◆ Given information
--*--

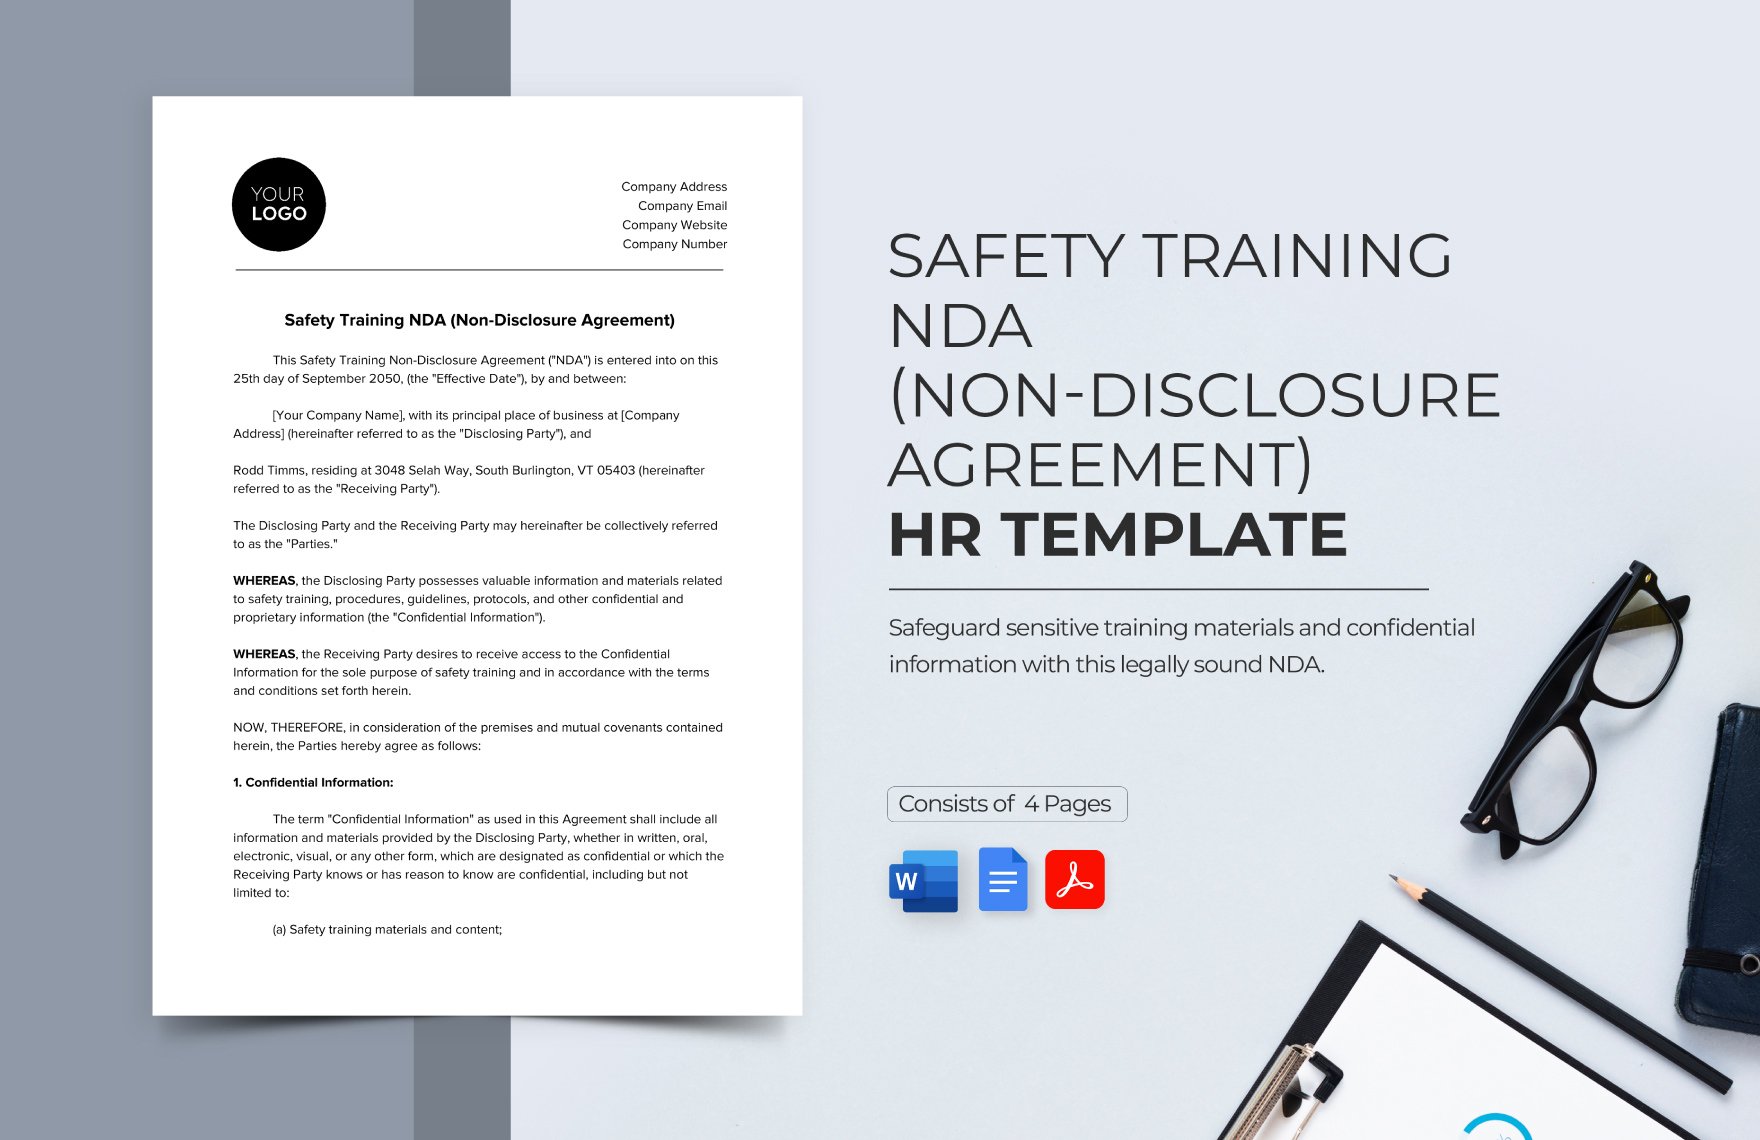 Safety Training NDA (Non-Disclosure Agreement) HR Template
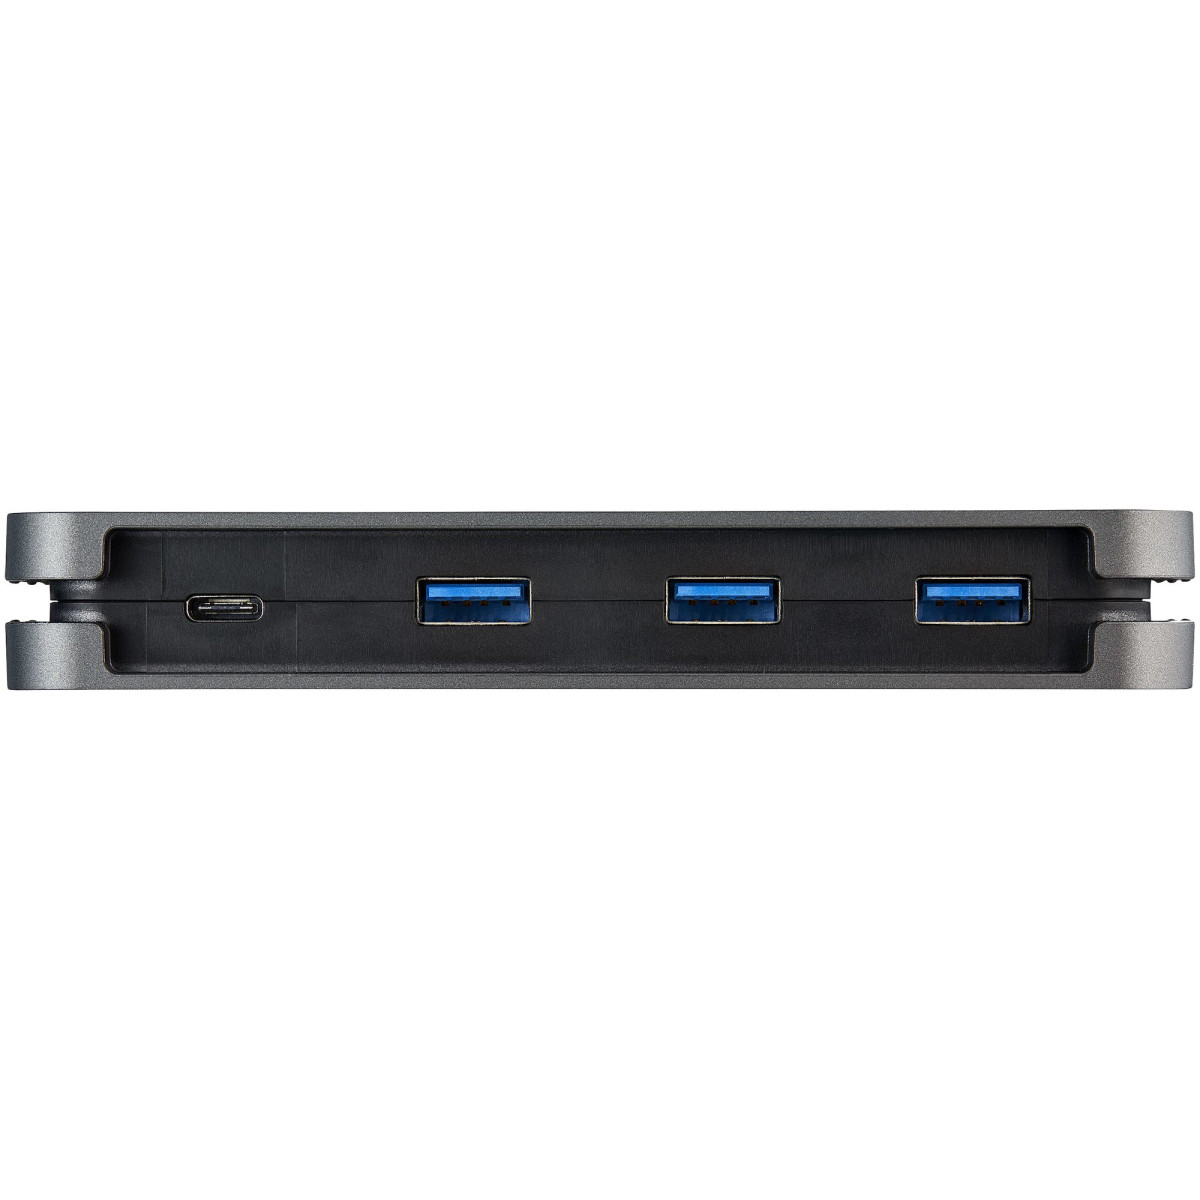 4 Port USB C Hub 5Gbps 3A/1C- 11in Cable
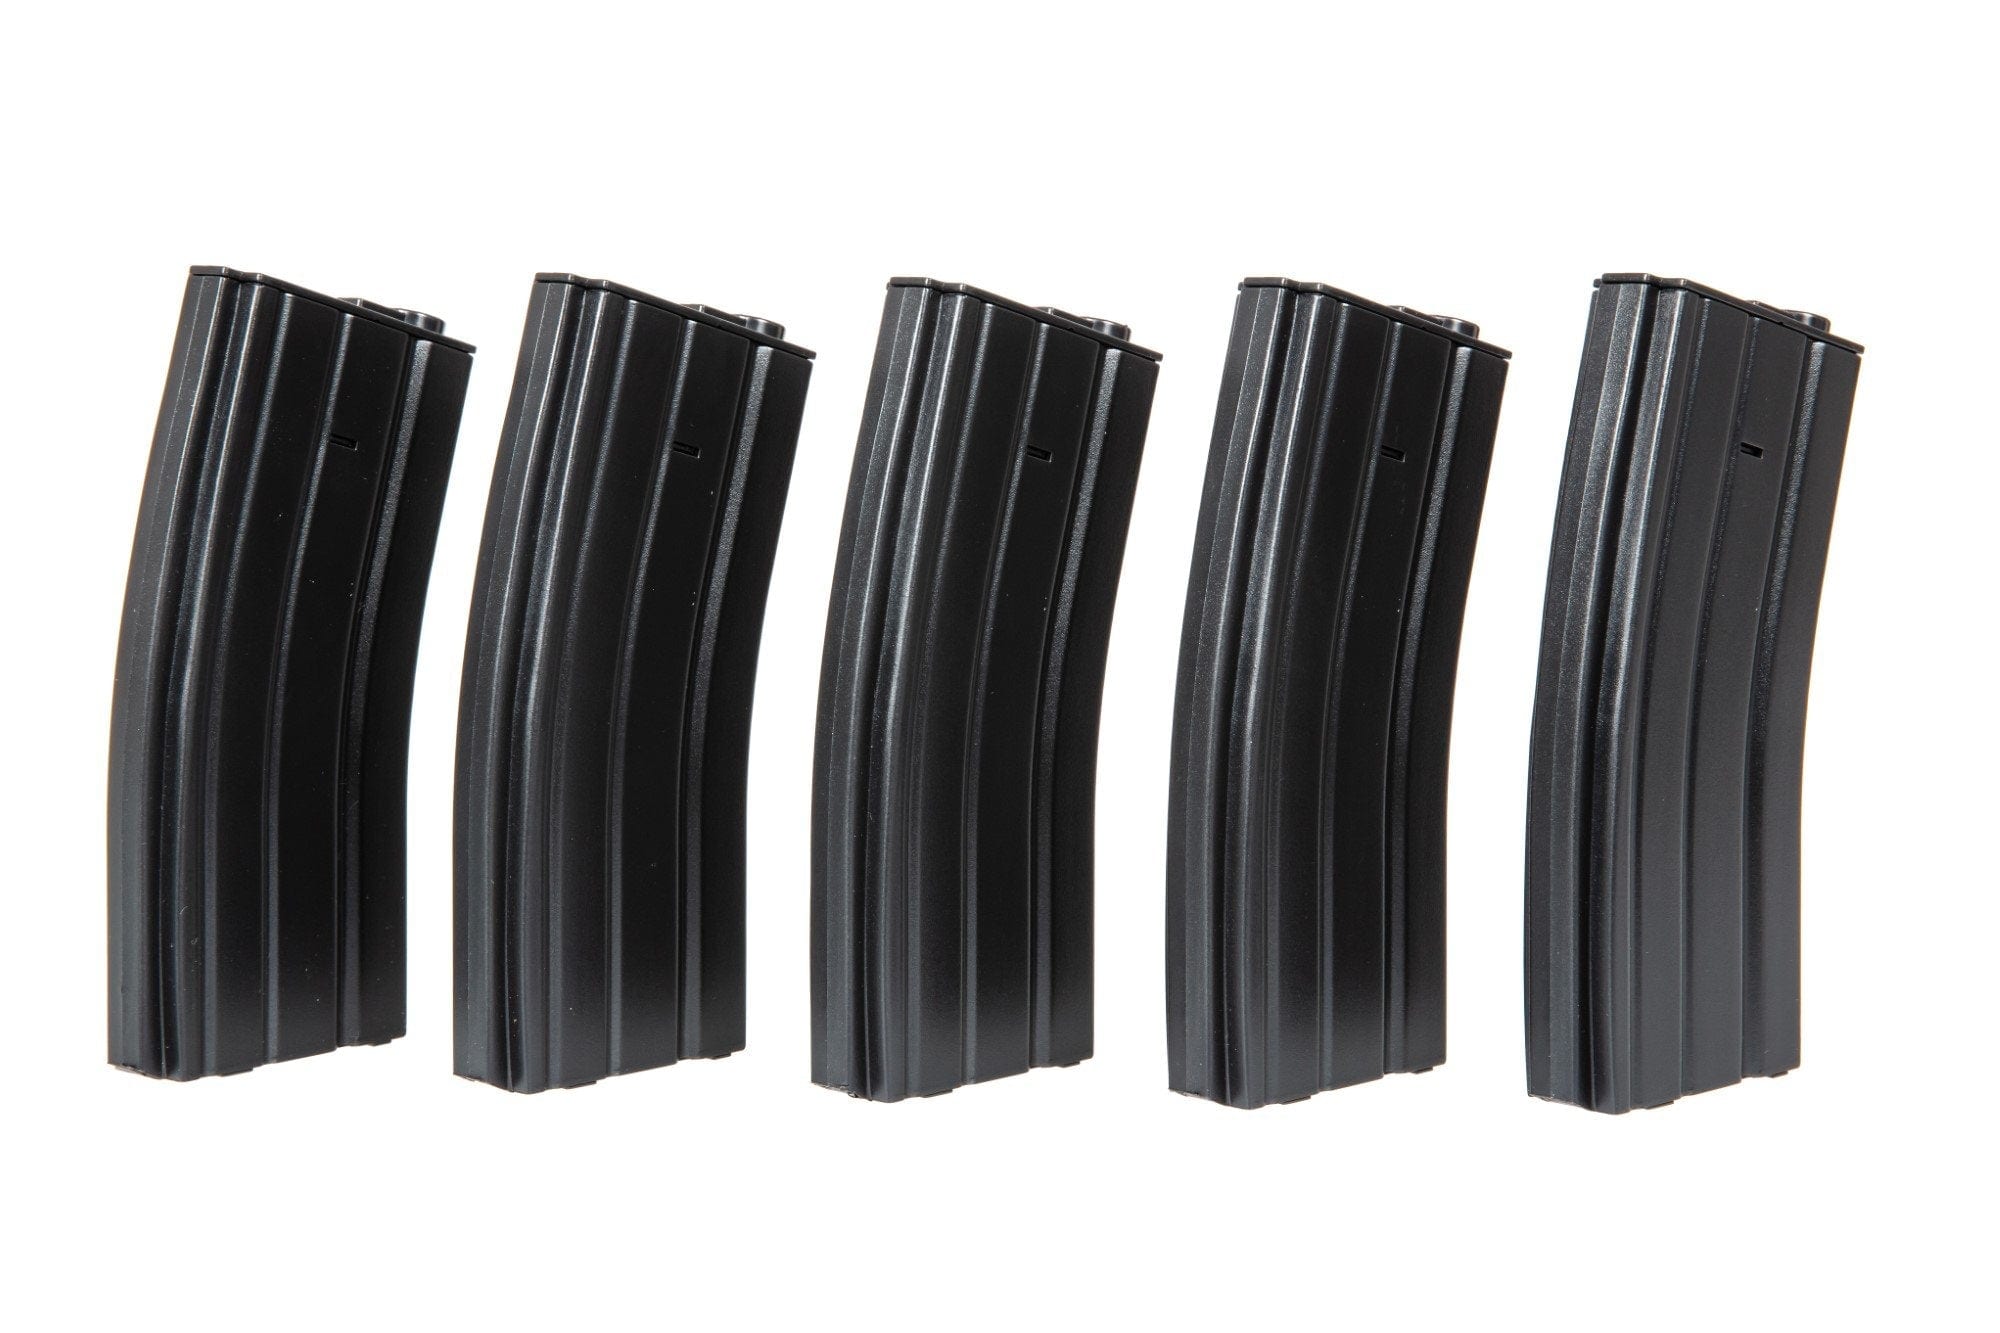 5pcs set - 70rd low-cap magazine for M4 / M16 - black by Specna Arms on Airsoft Mania Europe

--*--

◆ Instructions to follow
In your copy, leave out the pictures and reproduce the material above exactly.

◆ Output of the exercise
 Safety Training NDA (Non-Disclosure Agreement) HR Template
 4 Port USB C Hub 5Gbps 3A/1C- 11in Cable
 5pcs set - 70rd low-cap magazine for M4 / M16 - black by Specna Arms on Airsoft Mania Europe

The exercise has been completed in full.